Discussion in 'Fred's Barcalounge' started by rcboals, Nov 26, 2021.

  1. rcboals

    rcboals Country Gent

    Nov 21, 2008
    Springfield Oregon
    My Sennheiser Freeport FP21-B wireless. I have had this since it was new several years. I used it at a lot of gigs and never had any problems signal loss drop outs etc. So, I got it out as I want to use it at a gig' Evidently it is illegal to use now because of the 691-693 MHZ. Something about FCC selling everything in the 600 MHZ and up to cell phone companies and emergency public entities. I have been playing it at practice and around the house and it works great.

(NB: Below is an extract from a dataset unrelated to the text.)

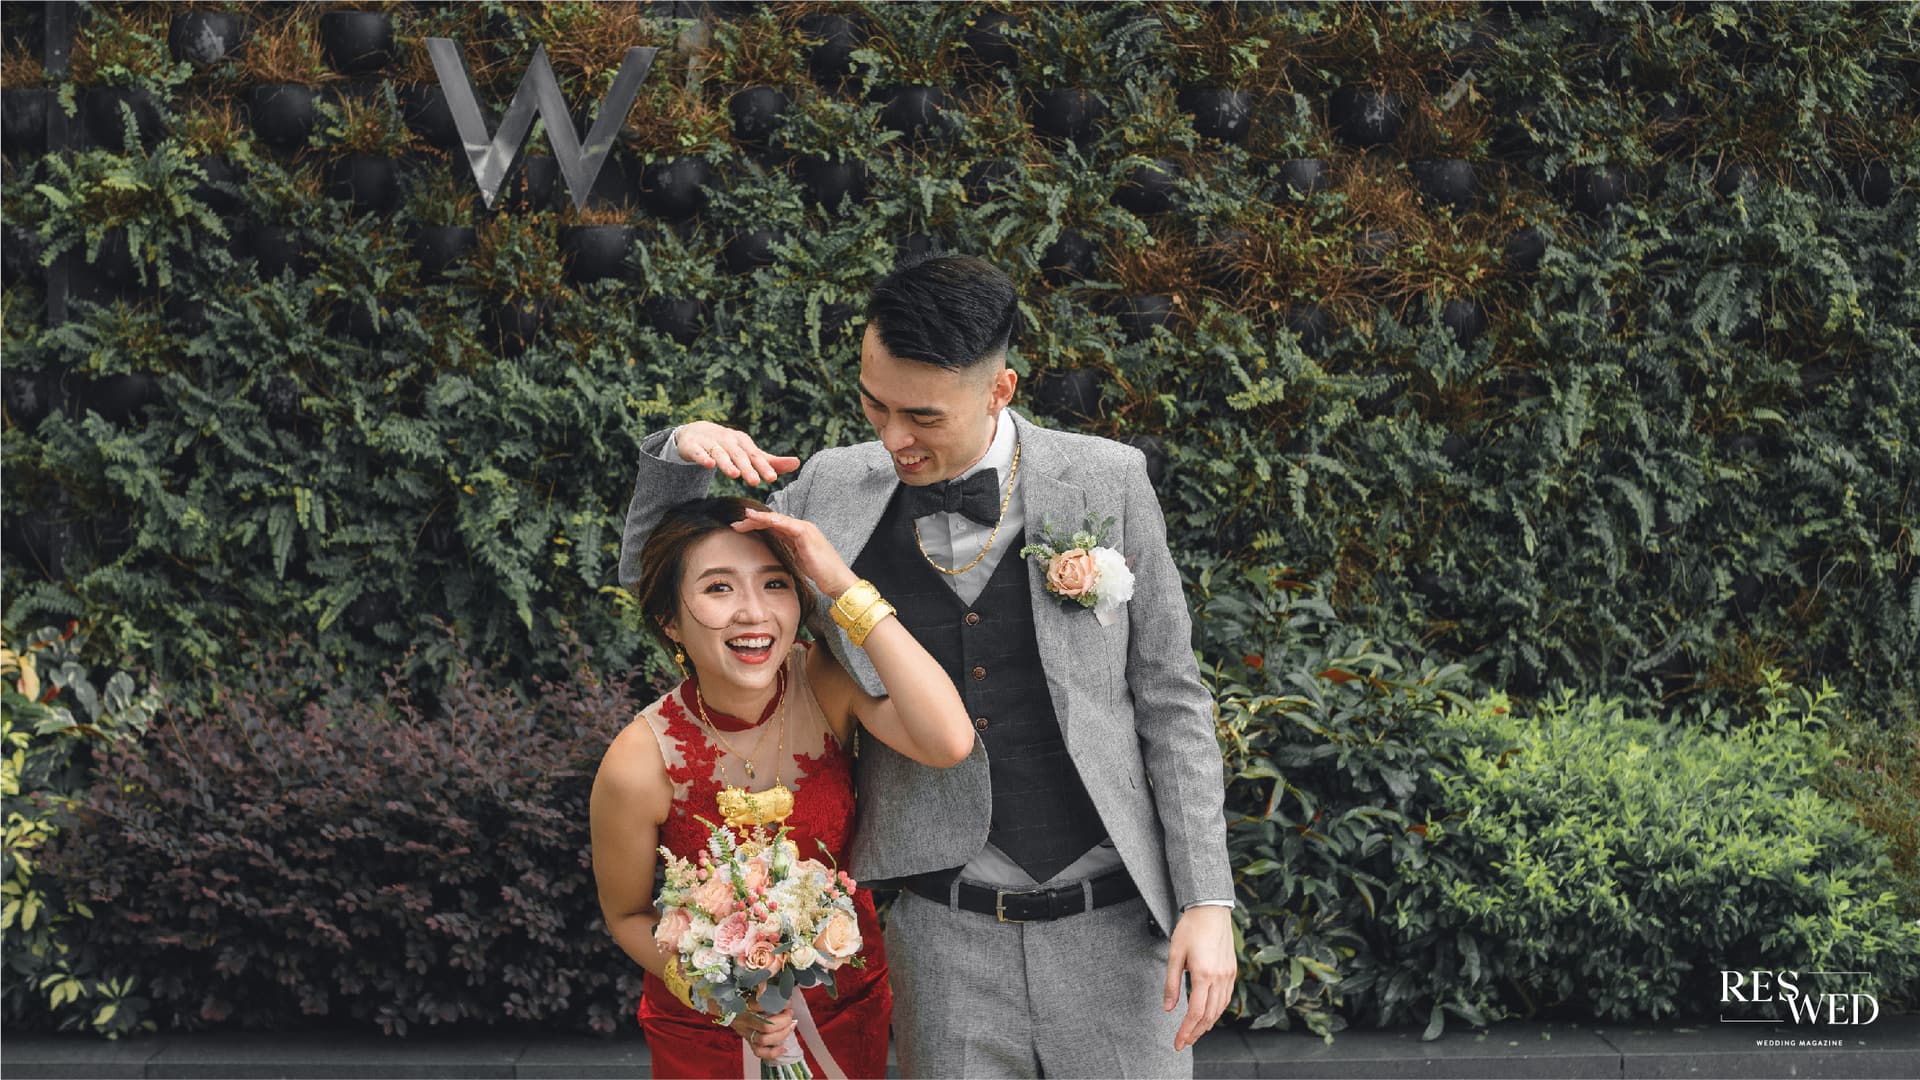 CLOK WEDDING VIDEO：默默為新人紀錄婚禮點滴的「説書先生」
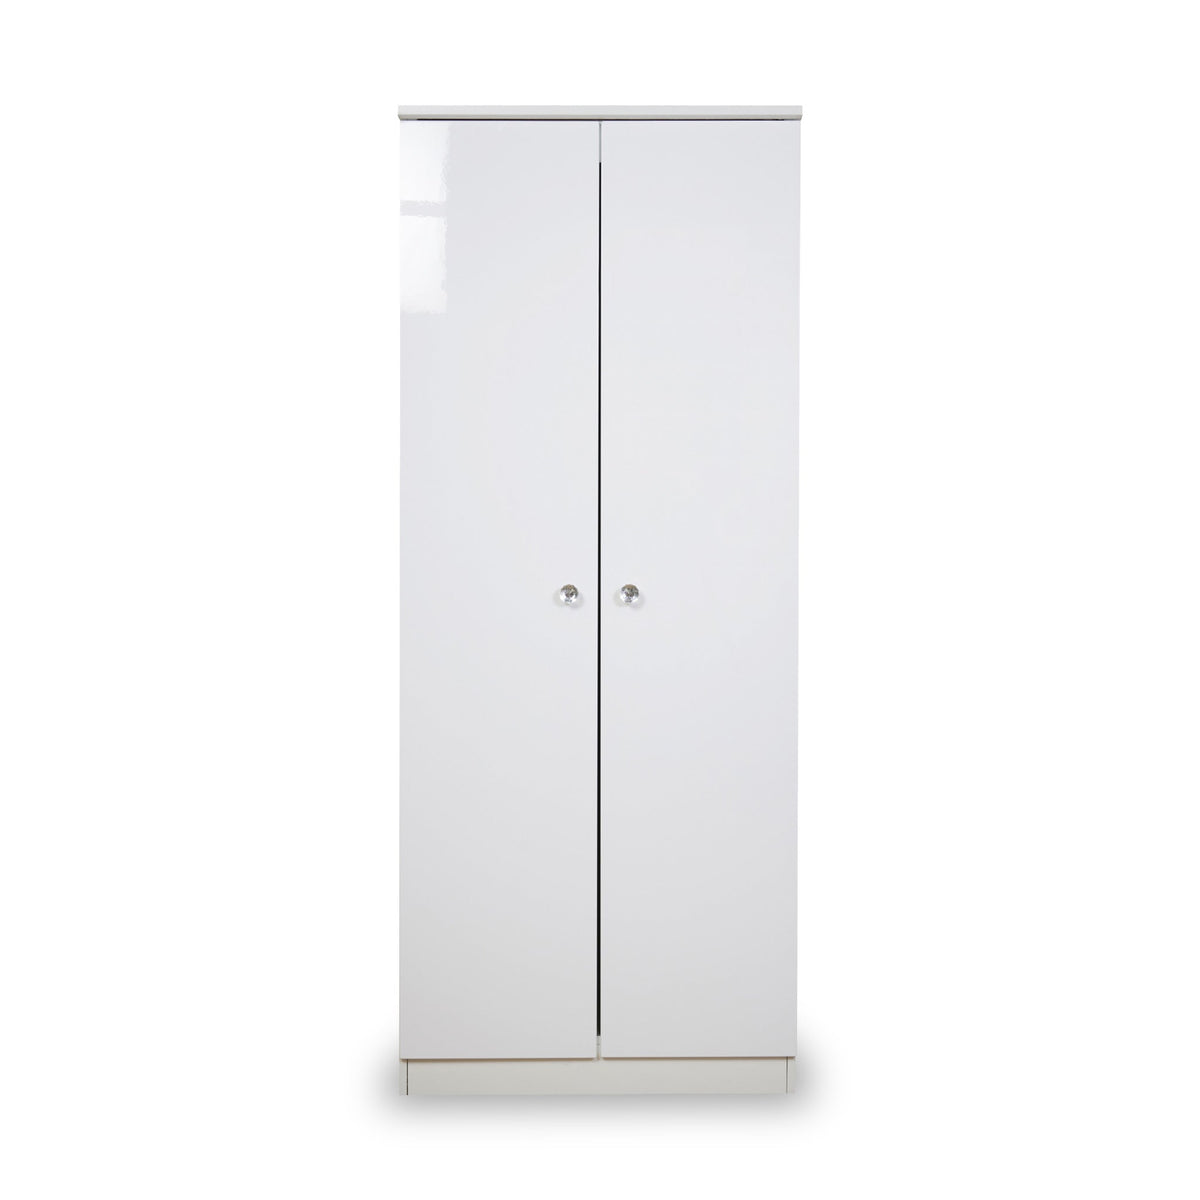 Aria White Gloss LED Lighting 2 Door Double Wardrobe from Roseland Furniture

Any reason why I shouldn't just go ahead and use it like I used to? I bought a couple of different cheap or whatever they are wireless since they looked good and compact and easy to use. In spite of several orgasmic reviews not my experience thye worked ok but dropped signal to often. THE ONES I BOUGHT WERE TOTAL GARBAGE, glad for Amazon free returns. Anyway if I have to to be legal I will buy another quality unit. Advise appreciated on what are quality wireless units now equal or better than my Sennheiser?
     
  2. thunder58

    thunder58 Super Moderator Staff Member

    Age:
    63
    Dec 23, 2010
    tappan ny
  3. thunder58

    thunder58 Super Moderator Staff Member

    Age:
    63
    Dec 23, 2010
    tappan ny
    Admin Post
    Perhaps this may help too ......( from the link above )
    Screen Shot 2021-11-26 at 2.34.11 PM.png
     
  4. Sabato

    Sabato Country Gent

    Mar 22, 2019
    Massachusetts
    I was curious so I looked it up. According to B&H Photo there is a "still legal" range, and there was a Sennheiser trade-in program. Somehow I can't picture FCC Vans with antennas cruising around to bust people. More likely that your system will receive interference.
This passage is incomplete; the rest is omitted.